DMelt:AI/Data Clustering

From HandWiki
Member


Data clustering

Cluster analysis is the task of grouping a set of objects in such a way that objects in the same group (called a cluster) are more similar to each other than to those in other groups. DataMelt contains a framework for clustering analysis, i.e. for non-supervised learning in which the classification process does not depend on a priory information. It includes the following algorithms:

  • K-means clustering analysis (single and multi pass)
  • C-means (fuzzy) algorithm
  • Agglomerative hierarchical clustering

All algorithms can be run in a fixed cluster mode and for a best estimate, i.e. when the number of clusters is not a priory given but is found after estimation of the cluster compactness. The data points can be defined in multidimensional space.
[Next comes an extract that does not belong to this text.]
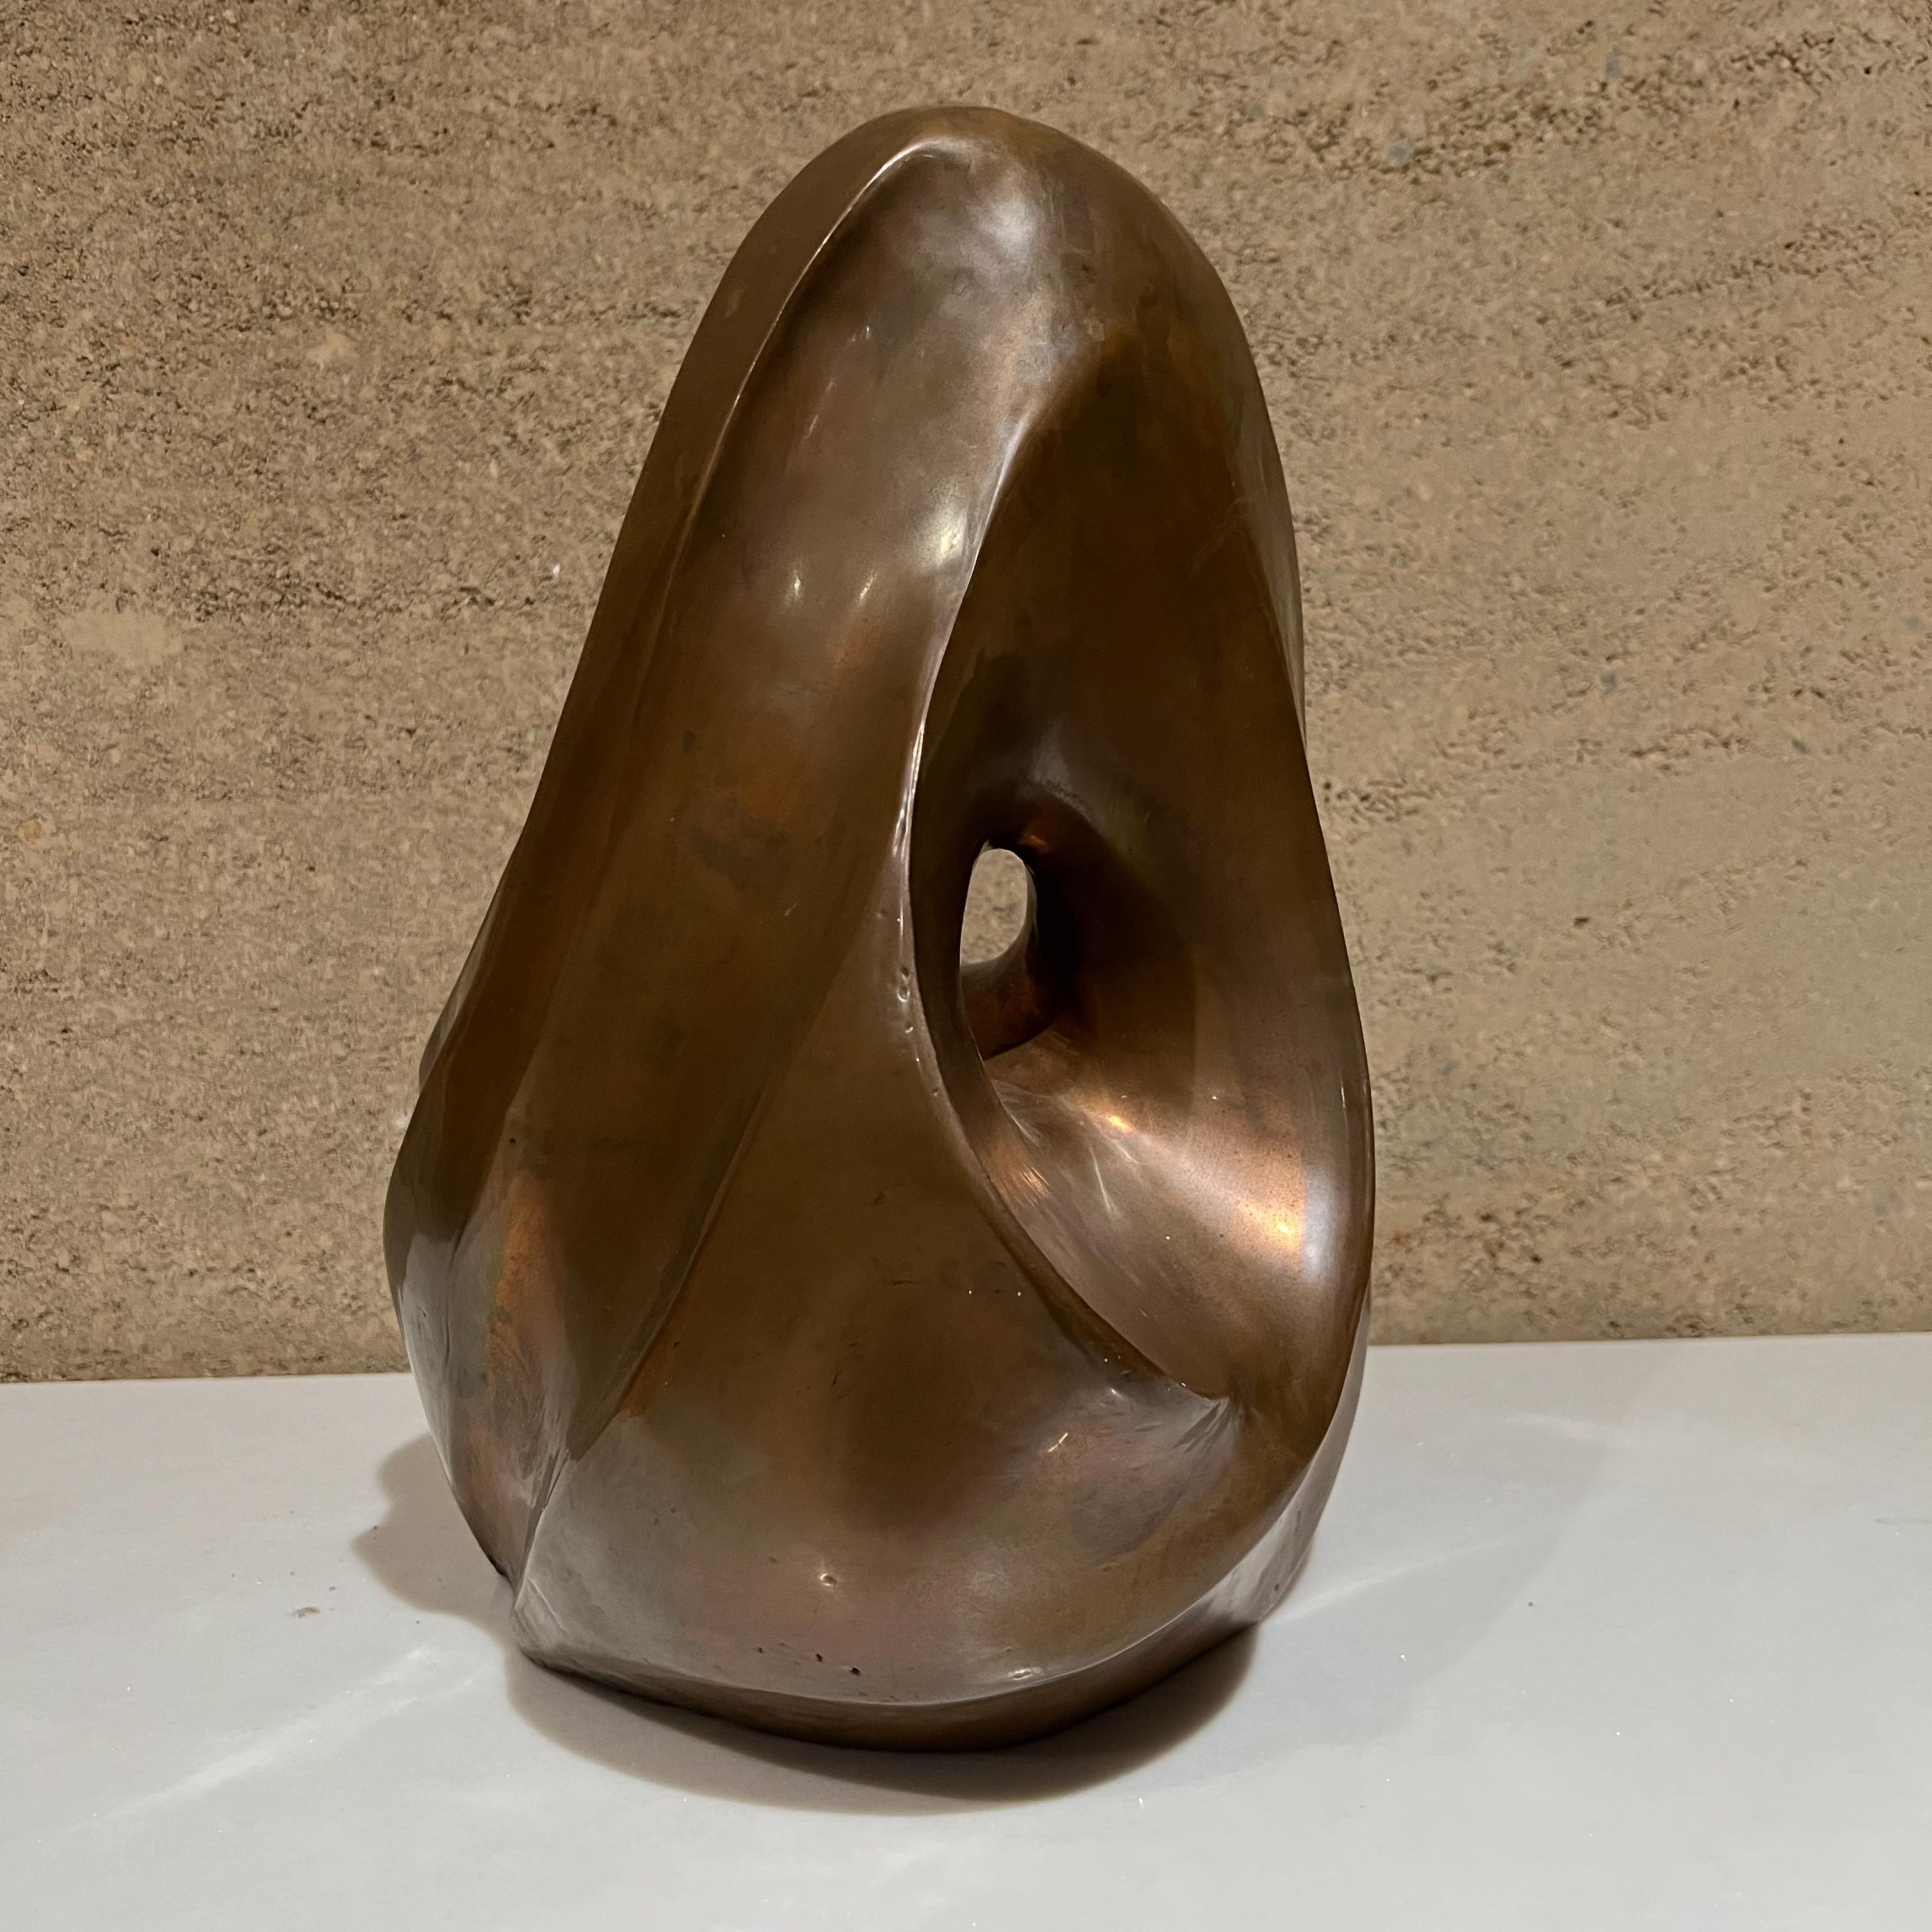 1980s Post Modern Art Table Sculpture in Organic Swirled Copper Signed  For Sale 1

Data clustering is based on jMinHep package. You can run this in a completely stand-alone mode, without DataMelt. DataMelt integrates this Java program and enable Java scripting.

Using GUI

The easiest approach is to run a GUI editor to perform clustering. In the example below, we create several clusters in 3D and then passed the data holder to a GUI for clustering analysis:

from java.util import Random 
from jminhep.cluster    import *
from jhplot import *

# create data for analysis 
data = DataHolder("Example")
# fill 3D data with Gaussian random numbers
rand = Random()
for i in range(100):
      a =[]
      a.append( 10*rand.nextGaussian() )
      a.append( 2*rand.nextGaussian()+1 )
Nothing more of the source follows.